SB: No I didn’t – she wasn’t there when we were shooting. She was there at a screening I was at, but I didn’t see her.
(213): Would meeting her have changed your interpretation of the character at all?
SB: It might have because she’s a very different women now. She’s a successful businesswoman and has been. So I didn’t want to smarten her up. I’m afraid if I would have seen her in that way I would have added elements of that and this is a woman that’s really messed up.
(213): With such a diverse body of work, from The Poker House to Storytelling to even Hellboy, is there anything specific you look for when choosing a project to work on?
SB: No, I’m just all over the place. Sometimes it’s the director, sometimes there’s like two words in that script where I’m like I wanna say those words! The whole rest of the script might be hogwash, but your like I get one scene where I get to do this so it’s gonna be fun.
(213): As far as Liz Sherman in Hellboy goes, is it odd for you going into a store and seeing a doll of yourself?
SB: I love it – I just love it!

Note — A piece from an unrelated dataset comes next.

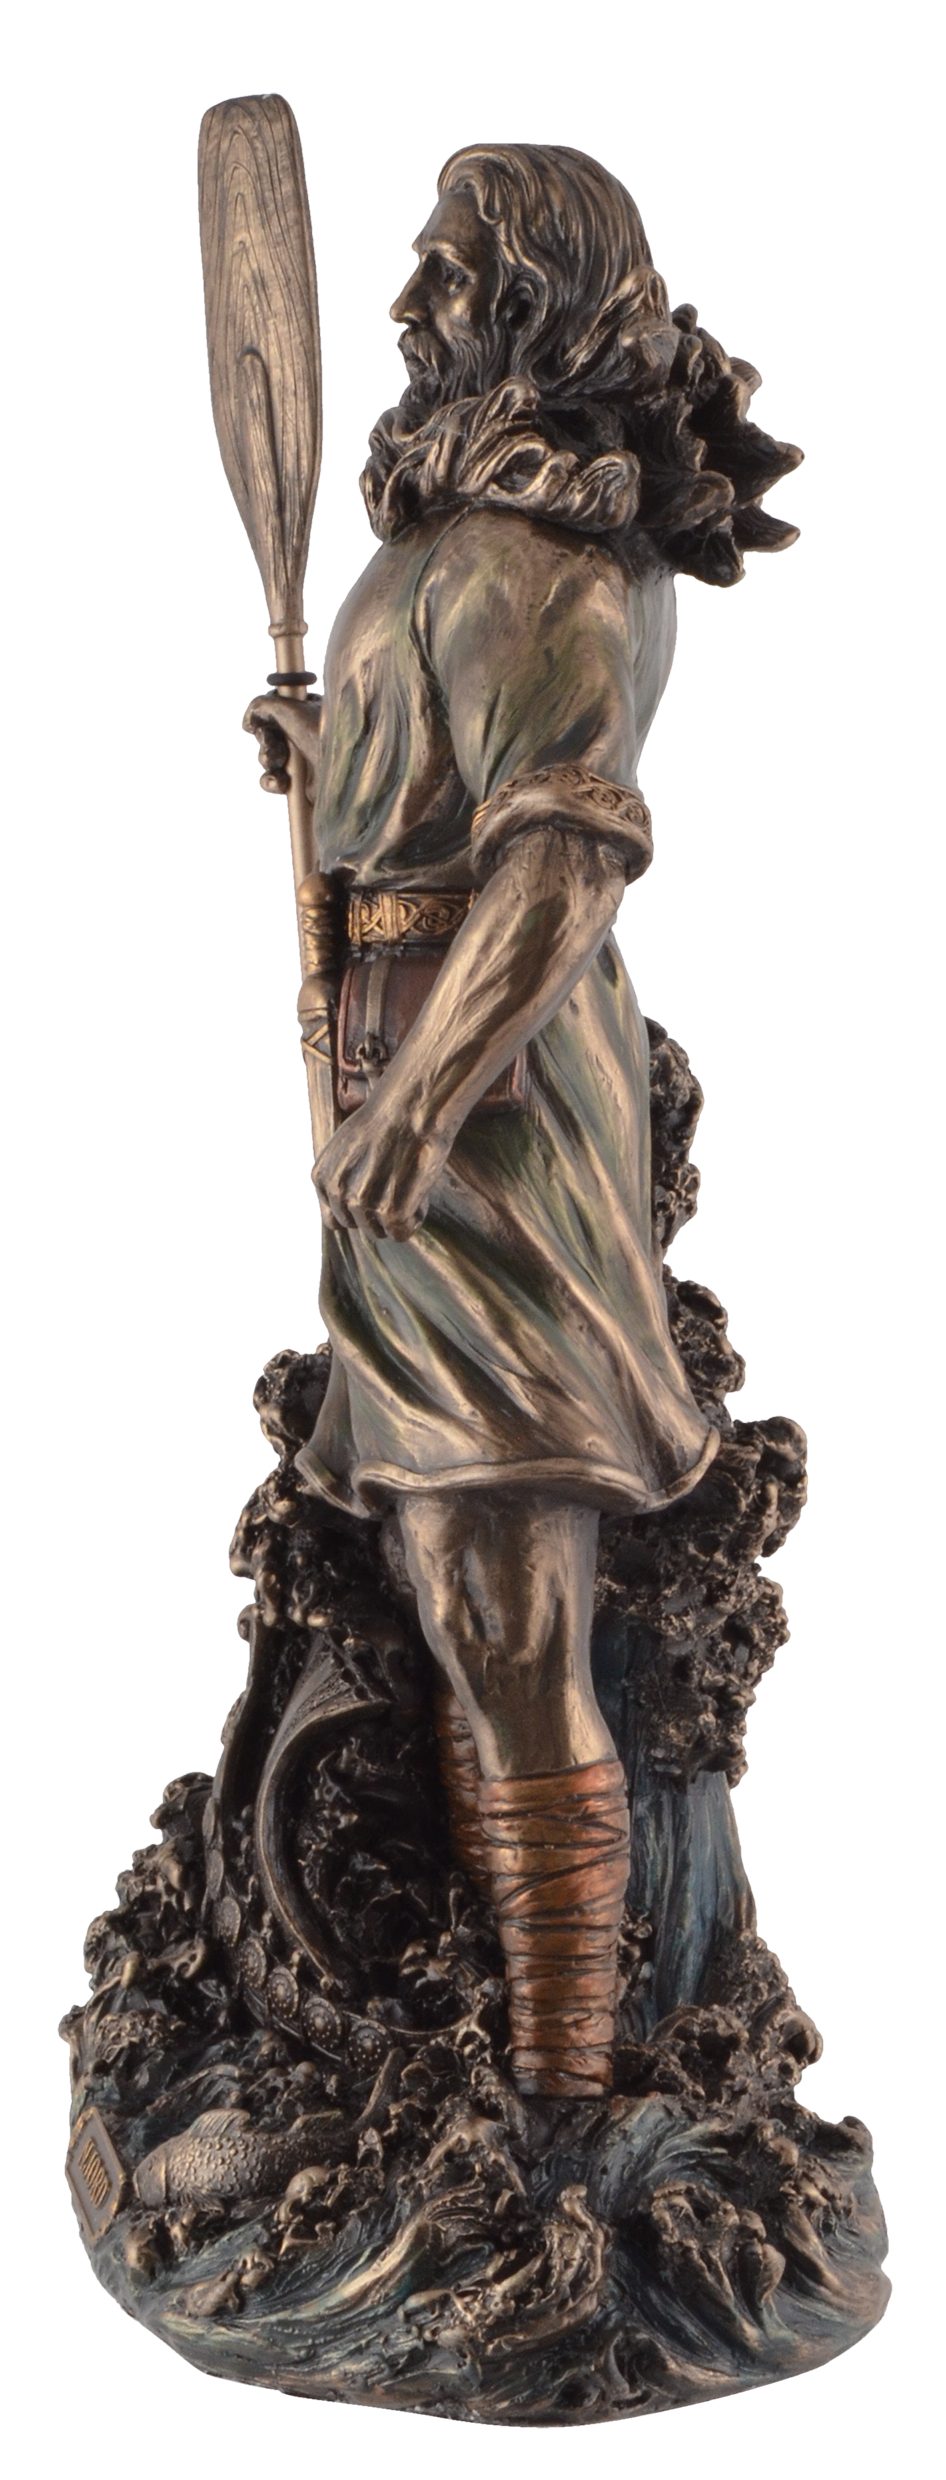 Gmbh des Windes Veronese, Njörd Vogler Meere - germanischer by Hand der Gott bronziert, Dekofigur ca. 15x10x27cm LxBxH: direct von und

I have no shame! (Laughs) Everyone else is like “Oh, it’s weird!’ and I’m like, ‘No way – it’s not weird!’ I wish I could give it to all my friends. I love it – she’s so petite and she looked taller!
(213): Did you feel there were things on Hellboy 2 that you incorporated from the first film but never got a chance to do?
SB: It was really tricky on Hellboy 2 because it was a completely different character. In Hellboy one she was so damaged and had all this baggage – she was like a twelve year old. It was a very sweet awkward kind of gothic weird thing and then in the second one she was a woman and it was important and that was difficult. It was a very different character.
(213): I have to ask – since Todd Solondz is so secretive about his process as a director, could you talk about working with him on Storytelling?
SB: I love Todd. Forever I will consider him to be one of my dearest friends even though we don’t speak very much right now. He is a very private man and a very special man and I think he says what he wants through his work. His writing is so succinct, his things are so darkly comedic and I find to be very true. He’s very specific and it was such a perfect and controlled environment – I’ve never loved being on a set as much as I did on Todd’s.